Activity
Copy out exactly the lines spanning the line with "Clearance Funtasma Lust" to the line with "Arrival and set-up", inclusive, from the data underneath, with no pictures.

Dataset excerpts
##############################

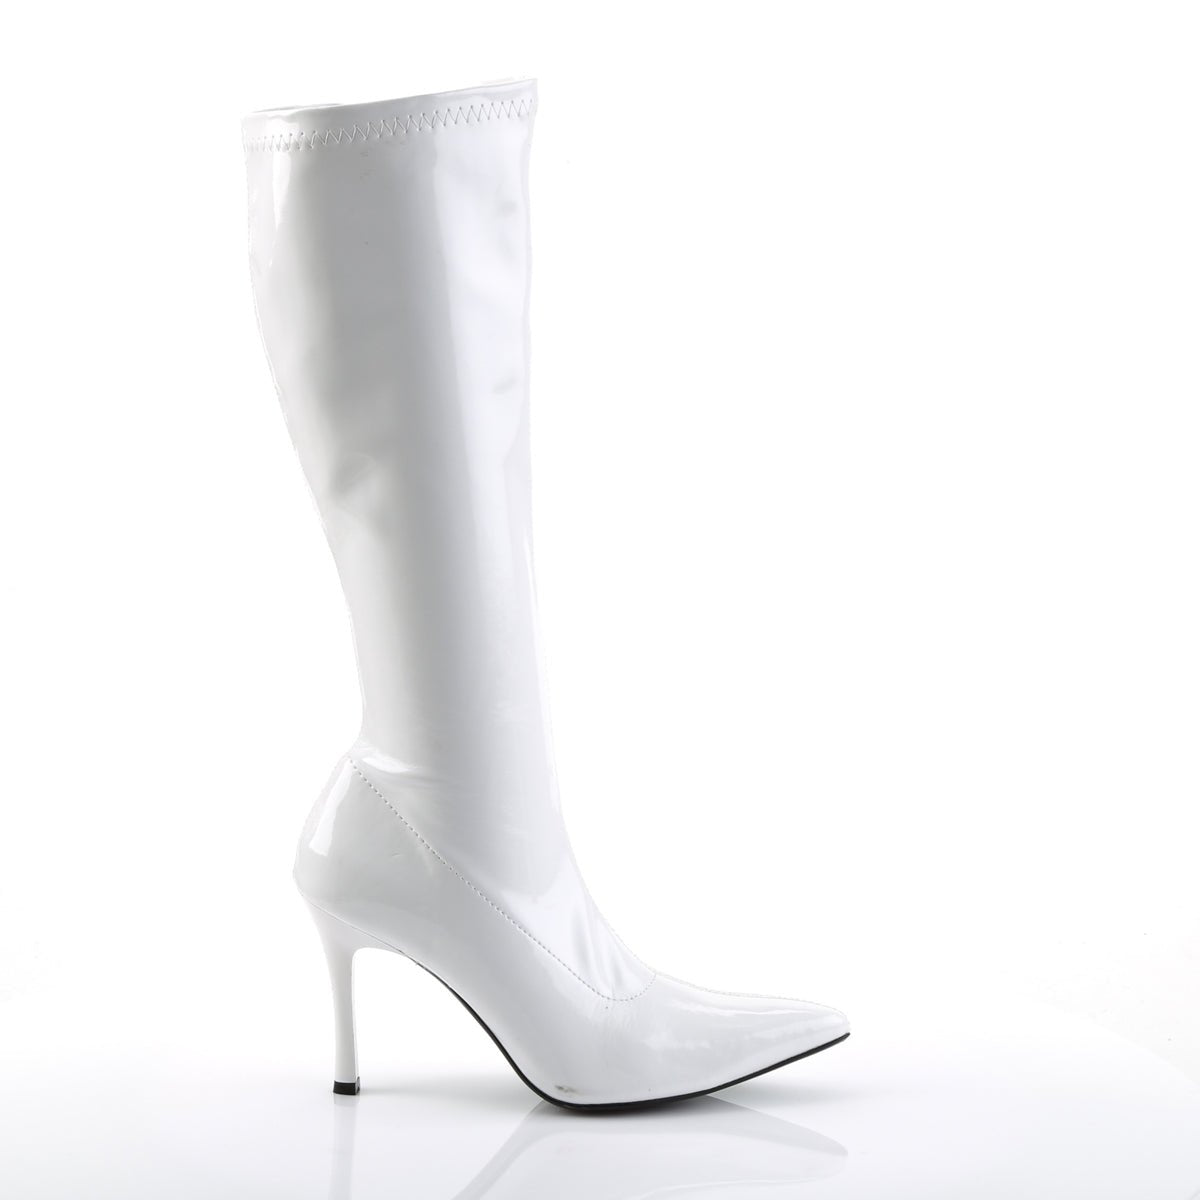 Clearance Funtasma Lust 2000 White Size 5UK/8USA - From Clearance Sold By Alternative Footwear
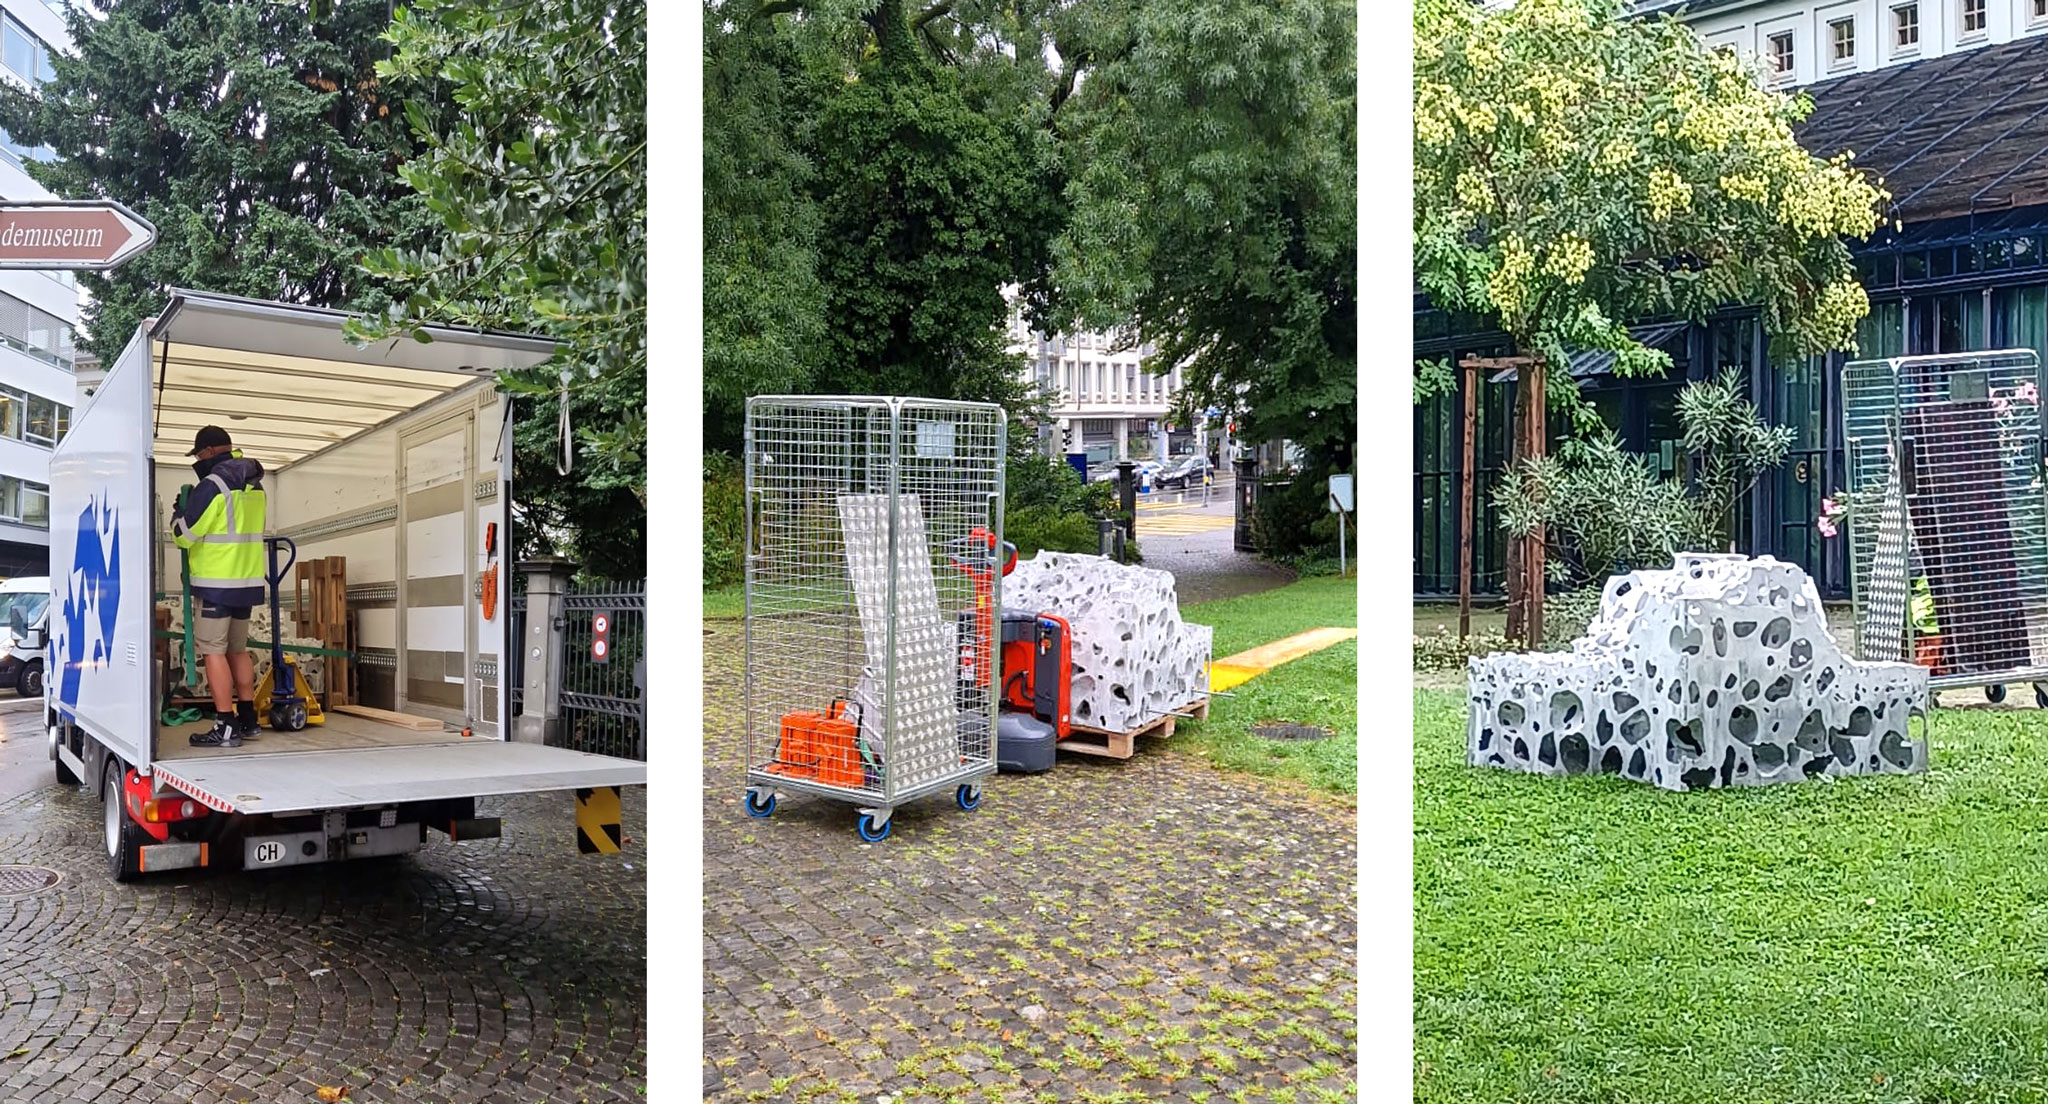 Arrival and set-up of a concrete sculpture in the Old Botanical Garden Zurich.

##############################

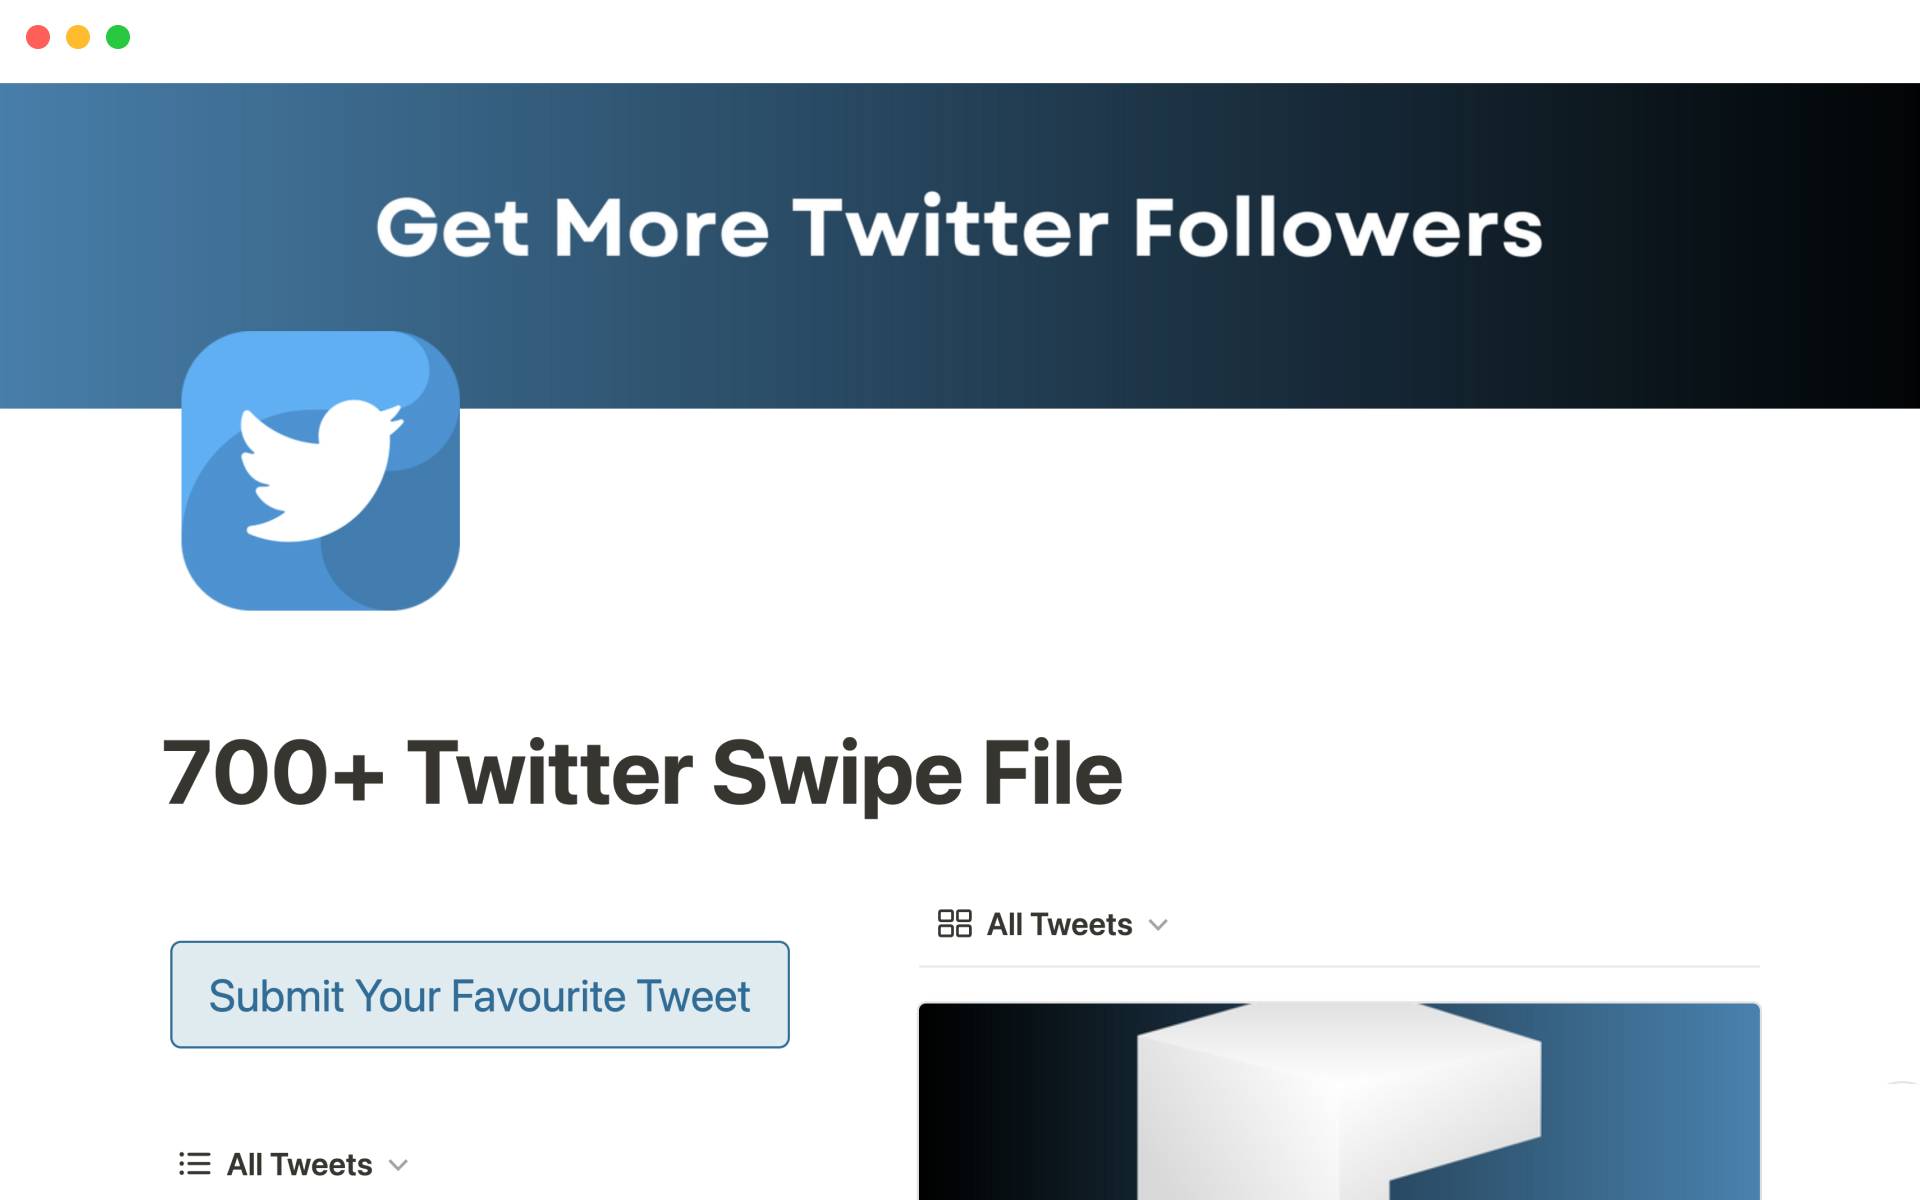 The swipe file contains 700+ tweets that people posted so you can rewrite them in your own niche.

##############################

Task response
 Clearance Funtasma Lust 2000 White Size 5UK/8USA - From Clearance Sold By Alternative Footwear
 Arrival and set-up of a concrete sculpture in the Old Botanical Garden Zurich.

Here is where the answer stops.